PGR - D’anime e d’animali
“La notte stanca il fiato del giorno” - dalla poesia DUELLO - Alessandro Dematteis
Pessimo modo di iniziare una recensione autocitandosi però…
Nulla è più vicino alla tensione quando sommi talenti si ritrovano in un progetto artistico, tutto conduce alla bellezza e alla ricchezza, ma ha anche un prezzo. E qualcosa si stanca, qualcosa domina, prevale, spinge per poter farsi spazio.
I CSI che diventano tre, pian pianino, e che prendono possesso della notte per mostrare il buio e la sua forza vincente. Perché la notte appare nella sua crudeltà e capacità di dividere in queste undici fiamme punk che arruolano le anime a cui non piace questo mondo. I tre non sono sopravvissuti ad una diaspora, anzi, sono la concentrazione di un succo intenso e purtroppo gustoso.
Sì, purtroppo, perché Gianni Maroccolo Giorgio Canali e Giolindo riescono con la loro cifra stilistica enorme a farci addirittura piacere il fango, l’inferno, le ferite della montagna che frana su di noi.
Un album che è il più punk tra quelli da loro scritti: dove non c’è un ritmo incalzante c’è una rabbia, una attitudine nichilista nascosta dalla scrittura dell’uomo di Cerreto d’Alpi che fa della poesia l’unico modo possibile per farci cadere la montagna definitivamente addosso. Lo fa dando ai suoi versi tutta la potenza possibile vestendola di una luce obliqua ma incantevole.
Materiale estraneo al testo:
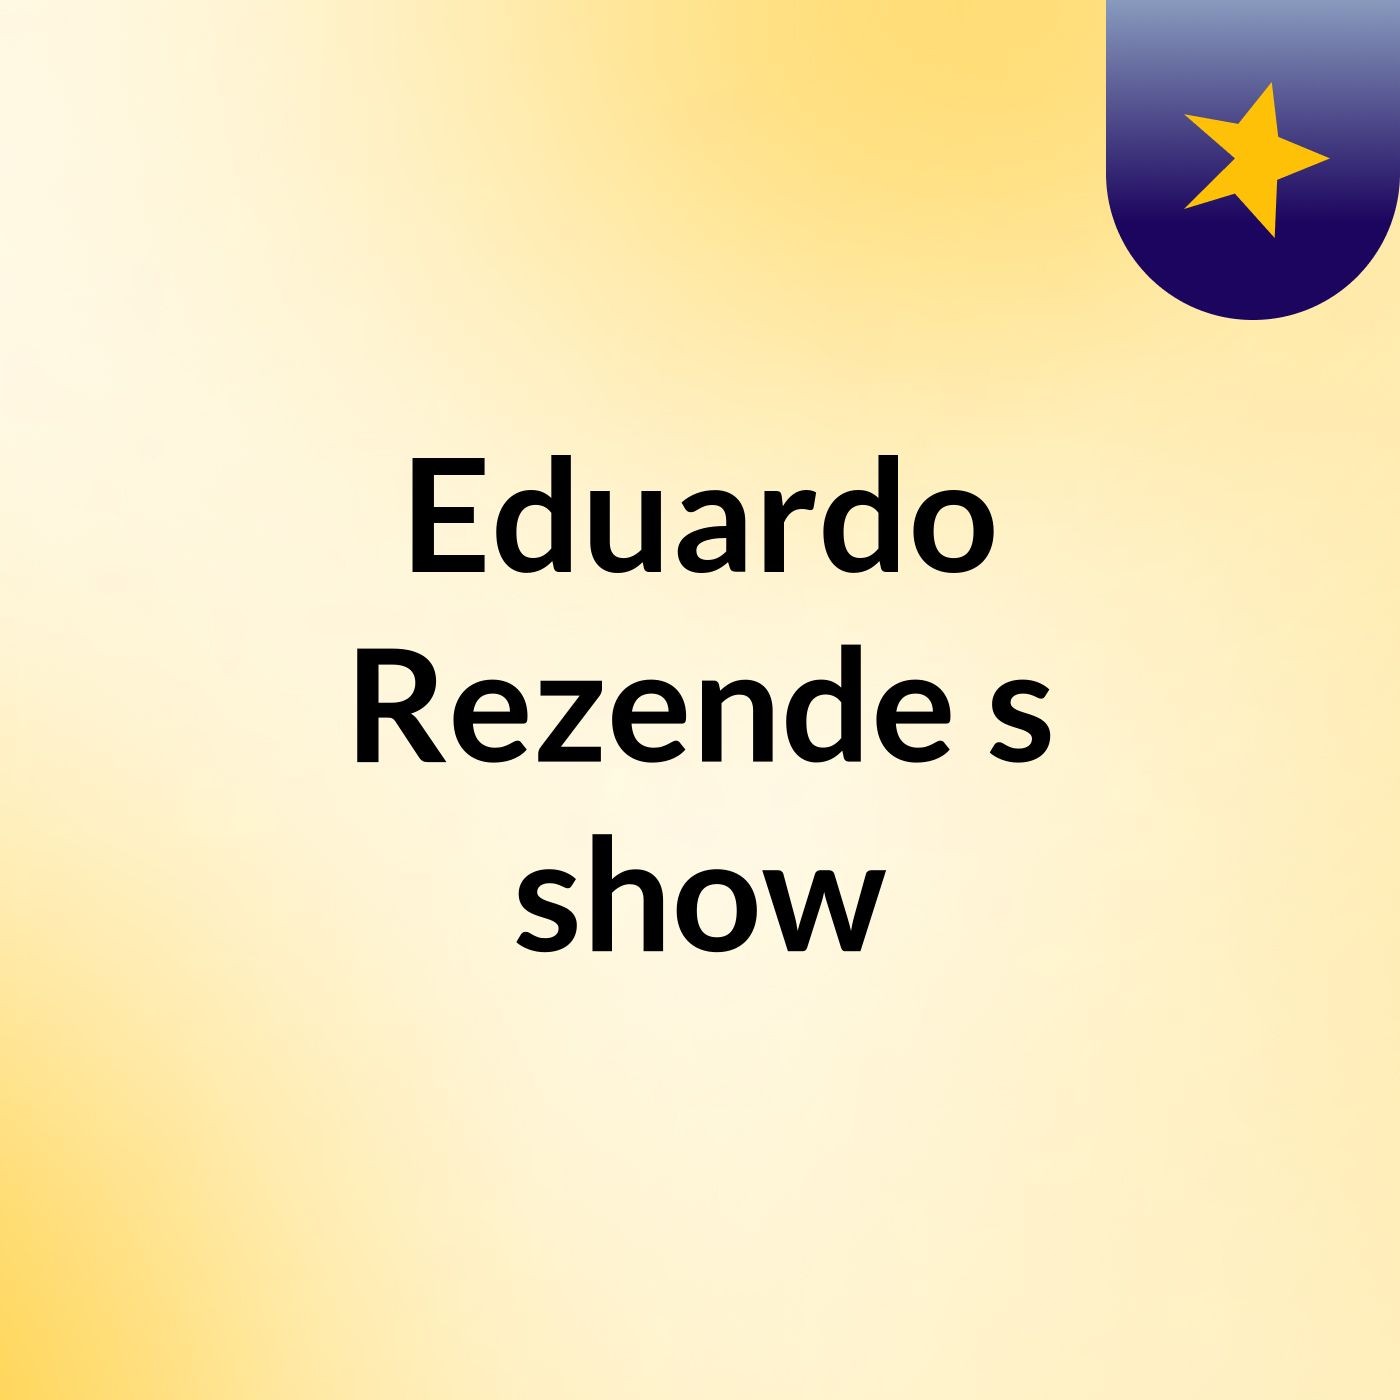 Eduardo Rezende's show

La seduzione è una gran donna, piena di inganni perché mentre ti abbraccia ti stritola.
Questa è la definizione perfetta anche per la musica di queste composizioni: una serie di fascinazioni seducenti che però ti conducono nella loro morsa stritolante. È una scorribanda sonora e poetica, drammatica, ben gestita da Peter Walsh alla produzione, che toglie il fiato perché questo fa la verità, la realtà, la sconnessione totale dalla speranza. Qui non vi è traccia di movimenti positivi verso il futuro. C’è sì una resistenza ma più che altro atta ad essere un lampo di notte: ne indica la posizione nel cielo ma scompare in fretta.
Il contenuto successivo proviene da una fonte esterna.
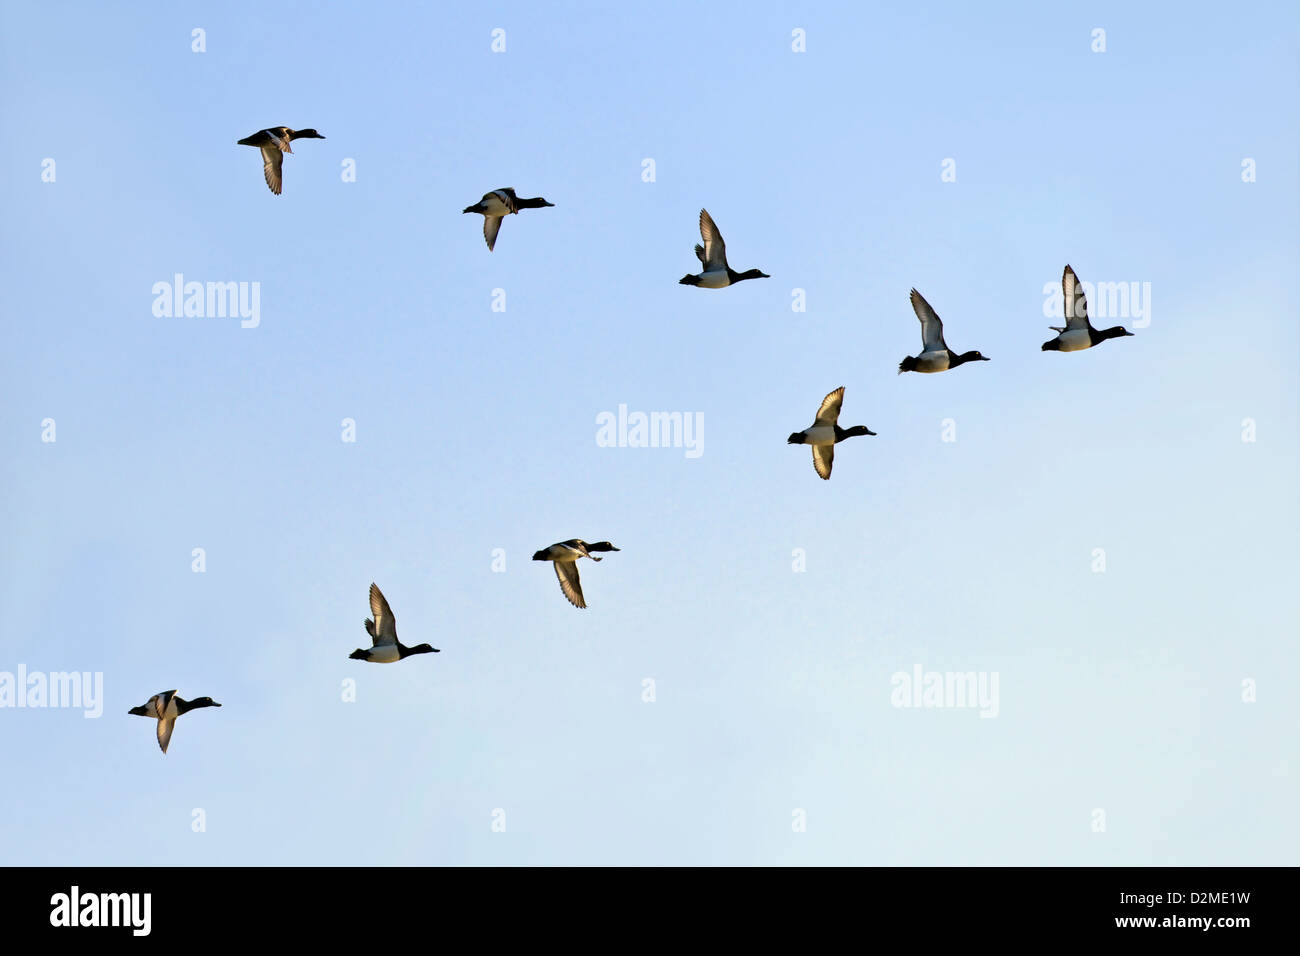 Un petit troupeau de morillons volant dans une formation en 'V' avec des ailes au soleil contre un ciel bleu Banque D'Images

Però le canzoni rimarranno, con tutta la loro ostinata resistenza, non si inginocchiano a nulla, compatte e aggressive, tra i boschi e la foschia notturna.
Giolindo graffia, spiazza, provoca, se ne fotte e ci fotte, si espone, rotola in deliziosi deliri spiazzanti. Gianni è un cannone del cielo che protegge la notte e attacca il giorno con quei giri di basso che sono stalattiti che gravitano in basso da grotte sempre più pericolanti. Lui è un terremoto, cavalca la melodia e sferra pugni, dita che affondano su corde sempre più robuste.
E Giorgino? Questo è l’album in cui è più manifesta la sua libertà, la capacità di miscelare le furie del suo fuoco con tenere melodie spiazzanti. Non lo fermi, lui cavalca la musica con tutta la tensione di cui è composto con annessa la capacità di non essere prevedibile, dove c’è lui c’è tempesta. Che sia antica o moderna.
E Gianni e Giorgio, insieme, sono una orchestra di scoppiettanti scorribande, dove vincono la semplicità e l’immediatezza.
E un album che profuma di concerto: sembra che debba essere ascoltato una volta sola, occorre stare attenti…che tutto passa, non sono richiesti i documenti, ma è necessario essere svelti ad afferrare la bellezza, che è unica e non è eterna.
Non sono canzoni che timbrano il presente di nostalgia del passato ma del passato ne mostrano la forza e la confusione, dove la lava si è fatta sempre più oppressiva e lancinante. Alcune composizioni ti danno l’impressione di avere un codice per non essere capite, non si possono spiegare, è cosa loro, una appartenenza che però non impedisce di toccarne la bellezza e l’importanza.
Giolindo, ormai orfano di legami che l’avevano cresciuto, definito, affermato nel suo mondo, diventa un severo osservatore degli orizzonti, dove muore tutto, anche lui, e la sua penna grattugia le cupezze di un presente in cui tutti sono Cesare, andando a morire senza saperlo.
Tutti i testi sono scariche elettriche, batteria incalzante, chitarra urlante e psichedelica, basso schiaccia tutto. Dove ciò che è mistico e filosofico diventa nutriente per le anime storte che giudicano sempre il primo prurito. E con questo album il Montanaro Giolindo spacca il cielo come il buon fulmine sa fare.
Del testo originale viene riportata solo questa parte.